On August 26, 2019, guidance was released on the Health and Human Services (HHS) regulation that appears to require group health plans to count the value of drug manufacturers’ coupons towards plan participants’ out-of-pocket limits. The HHS regulation was set to take effect for the 2020 plan year. Due to confusion surrounding the application of the regulation, the rule will not be enforced until HHS releases additional guidance for the 2021 plan year. As such, group health plans can continue excluding the value of drug discounts from participants’ out-of-pocket maximums for the 2020 plan year.
Out-Of-Pocket Maximum under the ACA
Under the Affordable Care Act (ACA), group health plans and high deductible health plans (HDHP) cannot require participants to pay for covered health care services over a certain amount, commonly referred to as the “out-of-pocket maximum.” The out-of-pocket maximum includes copayments, deductibles, and coinsurance (together referred to as “cost-sharing”) paid by participants. Once participants meet their out-of-pocket maximum, carriers must pay 100% of the cost for covered in-network benefits.
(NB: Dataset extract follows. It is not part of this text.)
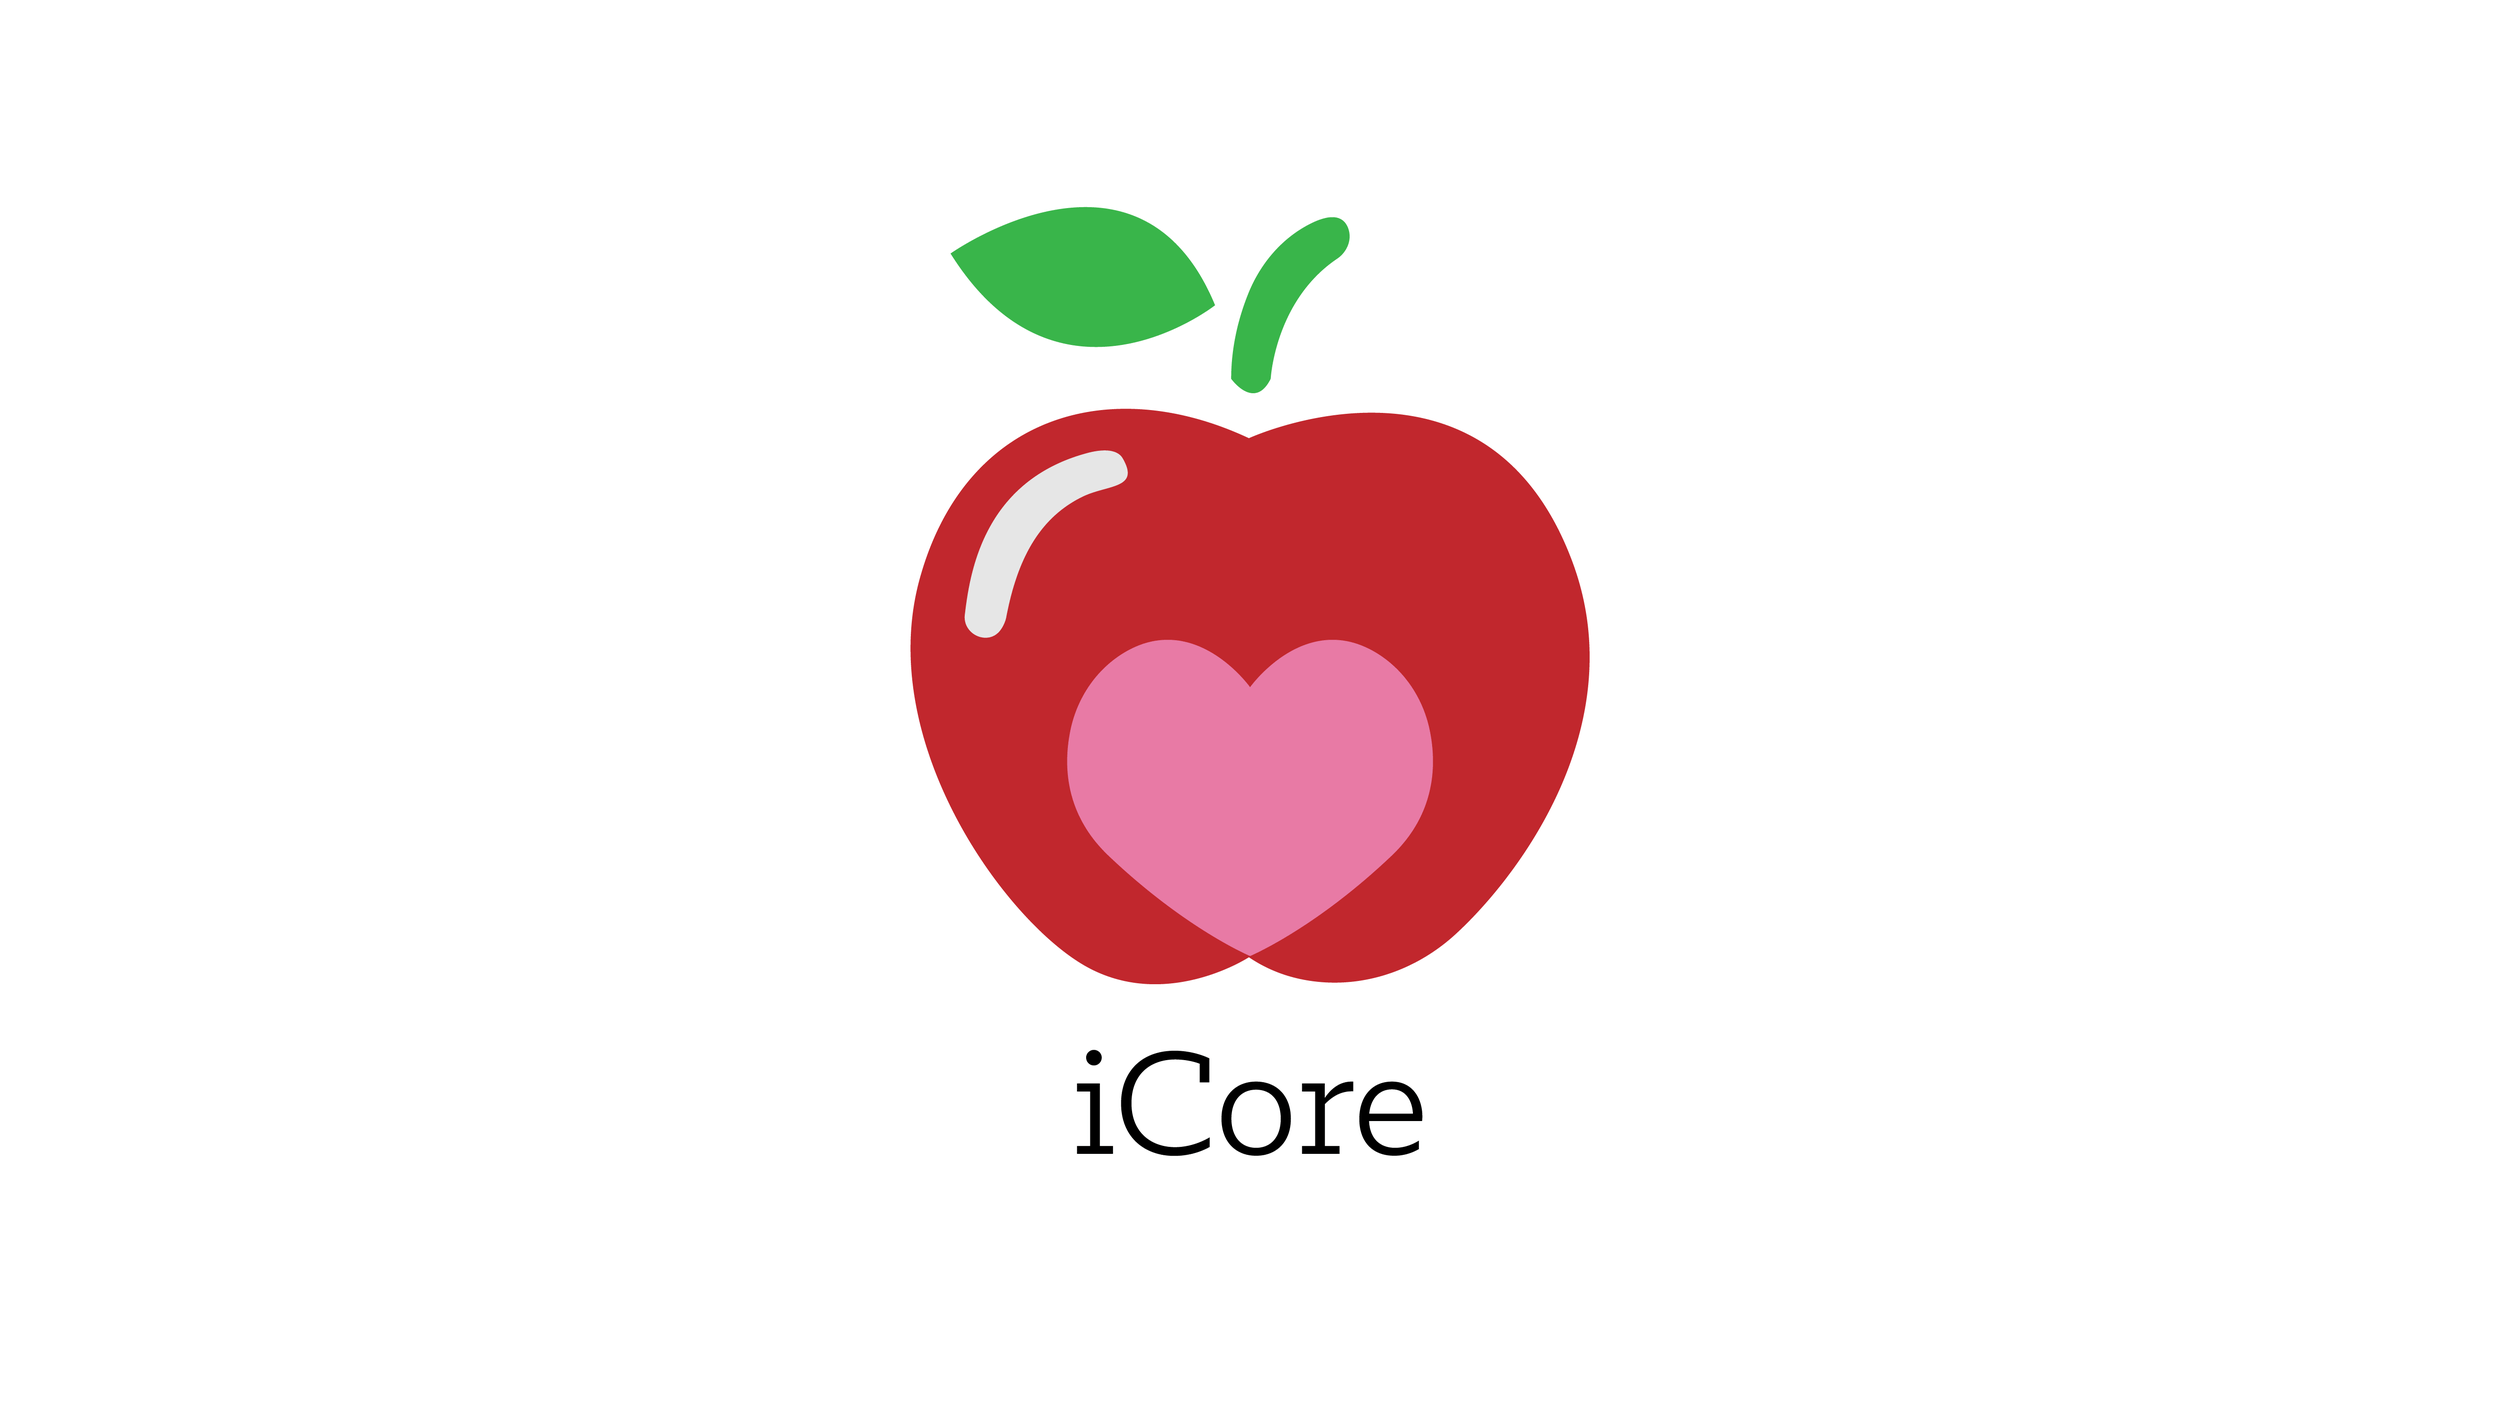 iCore Logo - iCore — Samantha Pintado

HHS Regulation on Drug Manufacturer’s Coupons
Some drug manufacturers provide coupons or discounts to consumers for prescription drugs. Before the HHS regulation, there was little guidance on whether group health plans should count these drug discounts towards participants’ cost-sharing. Most plans excluded the discounts from participants’ deductibles or out-of-pocket maximums. For instance, a group health plan would treat a participant who uses a $100 coupon towards a $400 prescription drug as contributing $300 to their out-of-pocket cost, rather than the $400 cost of the prescription drug.
In the 2020 Notice of Benefit and Payment Parameters (“NBPP”), HHS stated that drug manufacturers’ discounts or coupons were “not required to be counted” toward participants’ annual cost-sharing when a generic version was available. It was unclear in the regulation whether group health plans were required to count drug discounts toward participants’ out-of-pocket maximum when a generic version was not available.
HHS Rule Conflict with HSA-eligibility
If the HHS regulation does require group health plans to count the drug coupons towards out-of-pocket maximums, it could interfere with health savings account eligibility for individuals enrolled in high deductible health plans (HDHP). A prior IRS Notice 2004-50 (“IRS Notice”) explicitly instructed health plans to not count drug coupons to towards participants’ minimum deductibles under HDHP plans. Thus, a HDHP plan that is required to count drug coupons towards the out-of-pocket maximum under the HHS regulation, would no longer be HSA-qualified because it would not comply with the IRS Notice.
The Department of Labor, HHS and Treasury (“the Departments”) recently released guidance (entitled FAQs on ACA Implementation Part 40) on the HHS regulation. Due to the potential impact on HSA eligibility and conflict between the HHS regulation and the IRS Notice, the Departments have concluded that further rulemaking surrounding this issue must occur before enforcement of the HHS regulation can begin. Until additional rulemaking is issued by HHS, the Departments will not initiate enforcement action against group health plans or issuers who exclude the value of drug coupons or discounts from the out-of-pocket limit, including in circumstances where there is no medically appropriate generic equivalent drug available.
Impact on Employers
Until further guidance is issued, employers, plan sponsors and health insurance issuers may continue to exclude the value of prescription drug manufacturer coupons from participant cost-sharing under the ACA’s out-of-pocket limit rules, regardless of whether a medically appropriate generic equivalent is available. HHS will release additional guidance in their 2021 NBPP, which is expected to be finalized in April of 2020.